Daha sonra da boş sandıkları da alan motorlar köprü açılmadan dönebilmek için hemen dönüş yoluna geçerlerdi. Boşaltma işi akşam 22.00 de başlayıp sabah 07.30 da biter. Öğlen 11.30’a dek mallar satılır, saat 15.00 civarında ise hal boşalınca da artık hal kapanırdı
Sebze Meyve hali Eminönü Haliç kıyısında olunca İstanbul’un kalbinin attığı bu bölgede trafik her zaman tıkanırdı. Buna bir de Anadolu’ya mal sevkiyatı yapan nakliye ambarları ile Baba-âli yokuşunda bulunan gazetelere kâğıt bobinlerini getiren kamyonların varlığı eklenince trafik içinden çıkılmaz, Eminönü çekilmez hale gelirdi.
Yüksek tavanlı hangar gibi hal binasının ortası boştu. Kenarlarda ve ortada mağazalar vardı ve ofis katlarına demir basamaklı merdivenlerle çıkılırdı. Sebze meyve komisyonculuğu yapanların kırmızı boyalı tabelaları hal binasının tavanına yakın yerlere asılmıştı. Tabelada mesela “İsmail Özdil Hal no: 191” diye yazardı.

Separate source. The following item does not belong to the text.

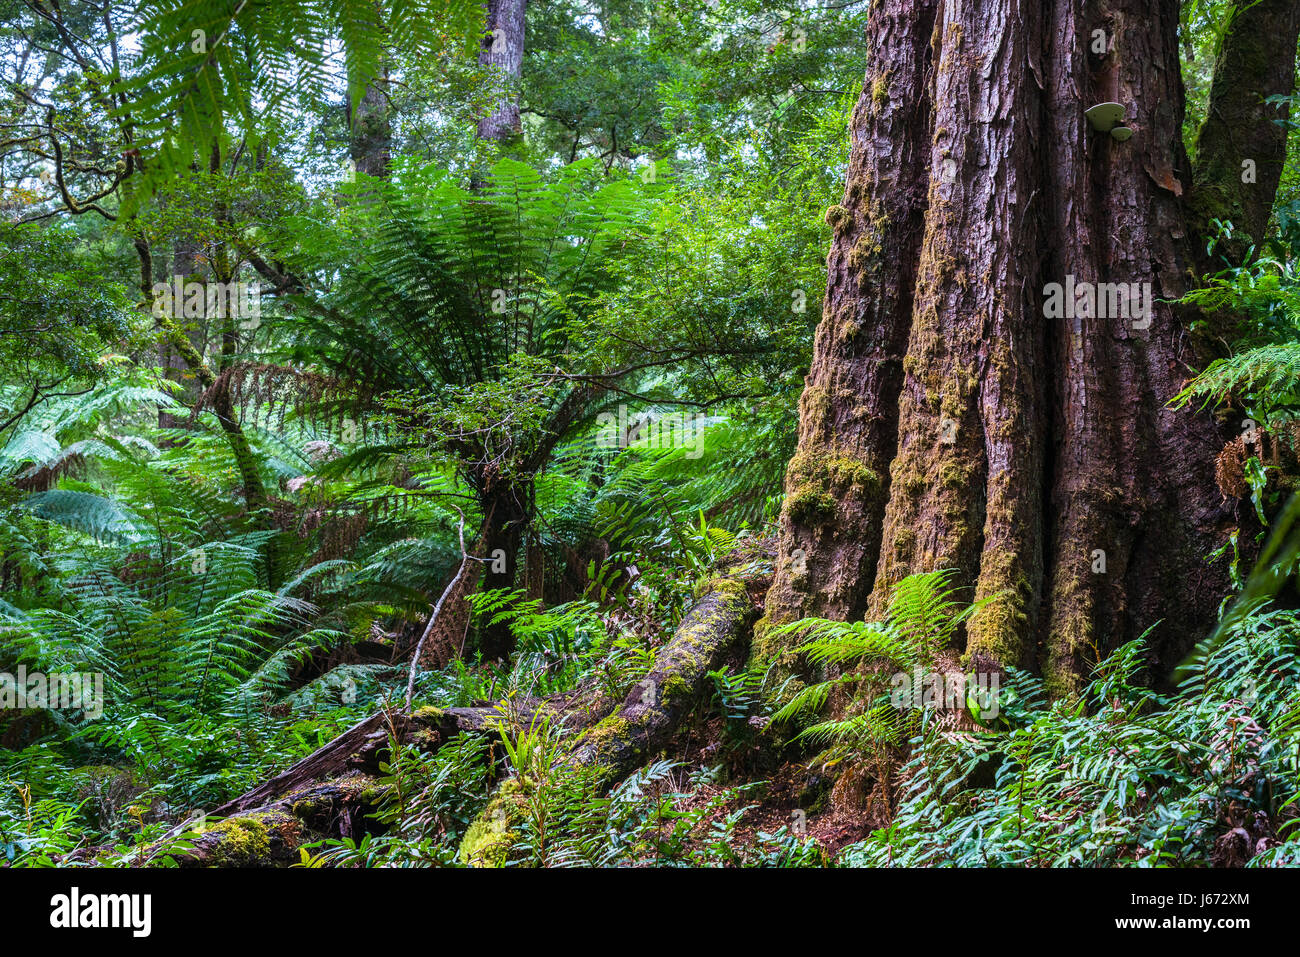 Dicksonia antarctica rain forest en Melba Gully State Park, el Parque Nacional Gran Otway, Victoria, Australia. Imagen De Stock

Hal’in karşı tarafında Unkapanı İMÇ Çarşısına dek yer alan Küçükpazar semti halde çalışanların, hal ile ilgili olanların ve de İznikli müstahsillerin konaklama yerlerinin başında gelirdi.. İznikli her müstahsilin yolu bir kere de olsa Küçükpazar otellerine düşmüştür.
Hal taşımacılığında sırt hamalları genellikle aynı şehirden olurdu. Zamanında buranın hamallığını kapabilmek için kendi aralarında, çok zorlu mücadele vermişlerdi. (Niğdeliler /Siirtliler)
Onlar sırtlarında kasalarla sahil yolunda karşıdan karşıya geçerken trafik adeta donar. Onlar trafiği değil, sırtlarında kasa kasa yükle yola adımlarını attıkları anda trafik onları bekler. Korna çalınmaz, yan gözle de bakılmaz. Hamallar arasında ki dayanışma nedeniyle onlarla kavgaya, münakaşaya ise hiç girilmezdi. Hal’e gelen malı kamyonlardan/ motorlardan indirip dükkânlara yerleştiren sırt hamalları, mallar satıldıkça bu defa manavların kamyonlarına, at arabalarına, triportörlerine (Üç tekerlekli küçük kasalı motosiklet) veya sahile yanaşan Anadolu Yakası ve Boğaz teknelerine yine iki büklüm halde yükleme yaparlardı.
Etrafta işportacılar, köfteciler- ciğerciler, turşucular ve su satıcıları dolaşır dururdu. Tezgahların araları; kuru soğan, portakal kabukları, lahana yaprakları ile kaplı olduğu gibi denizin üstü de aynıydı. Halin kıyılarında denizin üstü de patlıcan, domates ve çeşitli meyvelerle kaplanırdı.
Bir de Eminönü ne zaman yağmur yağsa yollar su dolar, bir liraya insanlar sırtta yolun karşı tarafına taşınırdı. .
Kıyıda bulunan römorkörler, şatlar, teknelerle ve mavnalarla adeta Hong Kong benzeri bir görünüm sergilenirdi.
İznik’ten, İstanbul Hali’ne gelen müstahsiller önce, mal gönderdiği kabzımalın tezgahına uğrardı. Mallarına bakar, biraz da satışları izler sonra da kabzımalla hesaplaşıp ayrılırdı. Parasını tahsil eden müstahsil de ya Kapalıçarşı- Mahmutpaşa – Mısırçarşısı’na alışverişe giderdi. Ya da Beyoğlu- İstiklal Caddesi- Taksim’e eğlenceye giderdi..
Sonuç da İznik’ dönüş yolunda Eminönü’nden İznik Otobüsü daha çok eşyası olanlarca terceh edilirdi. Özellikle yazları ise deniz yolu tercih edilirdi. Bunun için de Galata Köprüsü’nde 5/6 Nolu Yalova Adalar İskelesinde buluşulurdu. Burası İstanbul’a yolu düşen her İzniklinin bir anısını da barındırırdı.
Bu iskele Birçok İznikli’nin yolunun kesiştiği önemli bir nokta ki onu da anlatmak gerekir gelecek sefere.